How would opening up Facebook change the internet? - Jarqwiz
https://www.theverge.com/2019/10/23/20926792/facebook-access-act-interoperability-data-portability-warner-hawley-bill-explainer
======
mindcrime
If believe that if there was demand for an "open Facebook", there would be an
"open Facebook". And I say this as a HUGE fan of all things decentralized,
open, and federated. I want the return of UseNet, WAIS, Gopher, RSS, etc., and
widespread adoption of Atom, AtomPub, ActivityStrea.ms, APML, Salmon,
WebFinger, blah, blah, yada, yada etc. But in reality, consumers have had
chances to adopt these things and they have (mostly) chosen not to.

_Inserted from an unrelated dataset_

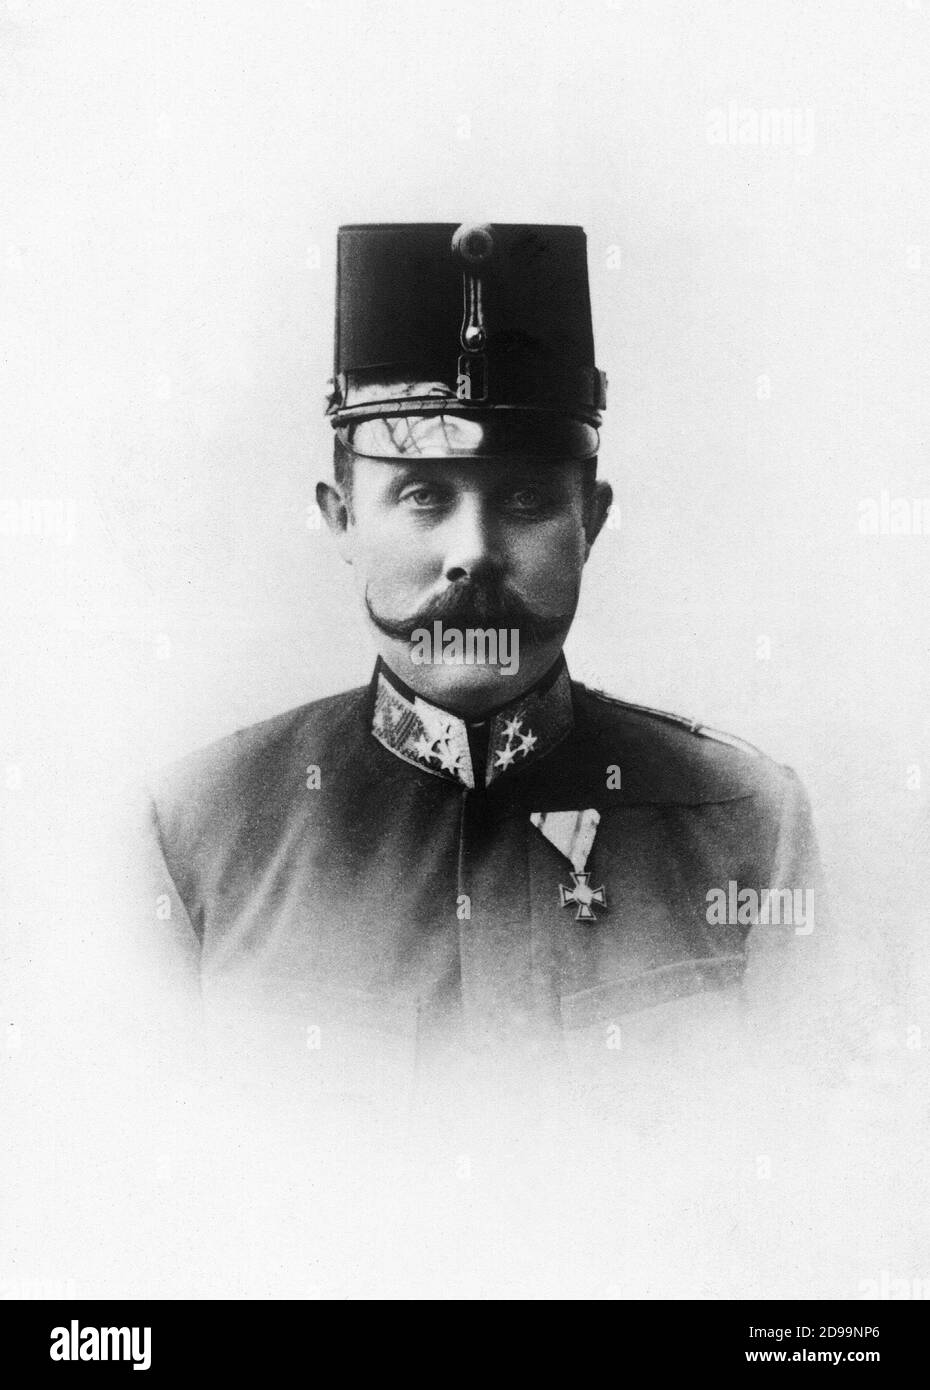 The Erzherzog ( Crown Prince ) Archduke  Franz Ferdinand d' Este ASBURG ( ABSBURG ) Von Osterreich ( Graz 1863 - Sarajevo 28 june 1914 ) - Killed in SARAJEVO with his wife Sophia Duchess of Hohenberg . - WWI - PRIMA GUERRA MONDIALE - WORLD WAR I - Impero astroungarico - ASBURGO - ABSBURGO - Nobiltà - Nobili - Nobility - Royalty - Francesco Ferdinando Duca d' Austria - military uniform - divisa militare - baffi - moustache - medaglia - medaglie - medal - medals - hat - cappello ---- Archivio GBB Stock Photo
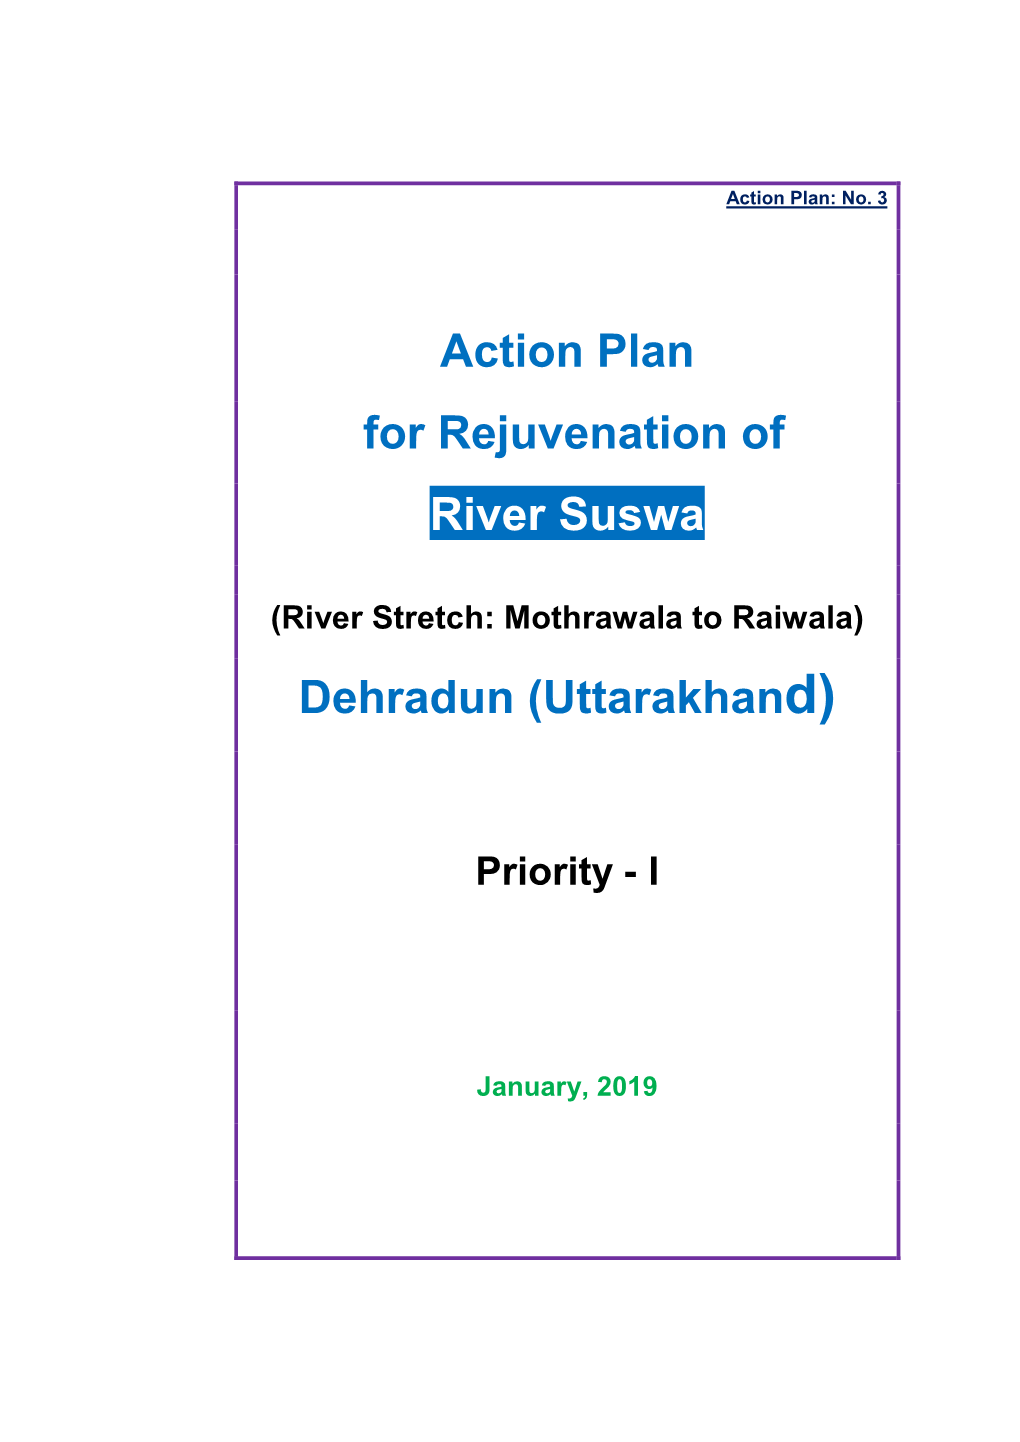 Action Plan for Rejuvenation of River Suswa Dehradun (Uttarakhand)

The optimist in me wants to believe that with sufficient "market education"
people could be induced to desire an Open Web that includes open social
networking, but frankly the evidence available to date doesn't support this
belief. I mean, Mastodon / GnuSocial are available today, so why aren't most
people switching?

Perhaps if a Facebook alternative emerged that was clearly better in enough
ways to be compelling in and of itself, _without_ needing the user to care
about federation and decentralization, it could get somewhere and just
introduce those things as a side effect. But, again, people have tried and
thrown lots of money at this. Google (with G+), Ello, and others[1] have tried
to establish a FB alternative with real traction and have mostly not
succeeded.

[1]: [https://www.fastcompany.com/40559106/the-privacy-first-
socia...](https://www.fastcompany.com/40559106/the-privacy-first-social-
network-a-great-idea-that-never-works)